А вечерами, по приезде важных гостей или после удачных защит, зал превращался бы в небольшой приватный ресторанчик под неформальным названием «Чрево кита». В мечтах Рогожину уже виделись крахмальные скатерти на составленных буквой «П» меж гигантских ребер столиках; столовские работницы в белоснежных передниках и наколках, подающие разные вкусные вещи; и венчающий вечер десерт – огромный торт в виде обмазанного белым кремом кита. Рогожин очень любил вкусную и здоровую пищу.
…Оторвавшись от приятных размышлений, директор с сожалением свернул эскиз и вызвал секретаршу – диктовать приказ об отбытии собственной персоны на Дальний Восток.
3. Директорское сафари
На Тихоокеанской китобойной флотилии институт океанологии и лично его директора любили и жаловали.
Ведь именно контора Рогожина производила учет китового поголовья и принимала прямое участие в определении норм добычи, в свою очередь напрямую связанных с зарплатой китобоев. Посланцев института принимали самым радушным образом, в лучших традициях дальневосточного гостеприимства. Для желающих выйти в море на судах флотилии с какими-либо научными целями тоже всегда находились места с вполне комфортабельными условиями – по меркам китобойного судна, естественно.
Океанологи с трудом тащили по возвращении редкие деликатесы и деликатесные редкости – от икры и крабов до совсем уж экзотичных маринованных осьминогов по-китайски. Понятное дело, квоты на добычу никогда не подводили чаяний гостеприимных хозяев. Рука руку моет, как выразился однажды светлейший князь Потемкин, получив от благодарной императрицы чуть не миллион десятин чернозема в свежезавоеванной Тавриде.

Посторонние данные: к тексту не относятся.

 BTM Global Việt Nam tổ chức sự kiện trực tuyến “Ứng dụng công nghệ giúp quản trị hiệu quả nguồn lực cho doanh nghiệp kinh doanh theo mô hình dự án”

А считать китов можно всяко, у них номера на спинах не проставлены. И плавают туда-сюда совершенно бестолково – глупые, одним словом, животные.
Кстати, всеобщее убеждение о разумности китообразных произошло в основном от их внешнего вида. И мало соответствует действительности.
У дельфинов, одно время произведенных чуть не в братья по разуму, за высоким сократовским лбом мозгов, извините, нет. Там у них огромный жировой пузырь – орган ориентировки и равновесия. Сам мозг значительно дальше и из себя совсем даже небольшой относительно размеров тела. Малоразвитый. А что они в бассейнах через обруч прыгают – так с голодухи за ставридку и не такое покажешь…
Прочим представителям их семейства, китам с косатками, отсутствие излишних извилин тоже плавать не мешает.
А подлинные интеллектуалы моря, как доподлинно известно океанологам, – крупные осьминоги, порой даже использующие примитивные орудия для извлечения моллюсков из раковин. В одной из своих ранних работ Рогожин особо подчеркивал, как эти головоногие подтверждают мысль Энгельса о глубокой связи в развитии мозга и конечностей. Правда, на партбюро его по-товарищески покритиковали. Объяснили, что Энгельс никак не мог иметь в виду щупальца подобных скользких и классово чуждых тварей.
…На китовое сафари Сергей Викторович отправился, бросив родной институт без малейших угрызений совести. Надо было спешить. Хотя строительство нового здания не подошло даже к нулевому циклу, о ките следовало позаботиться заранее. Имелась причина.
1
НИС – научно-исследовательское судно.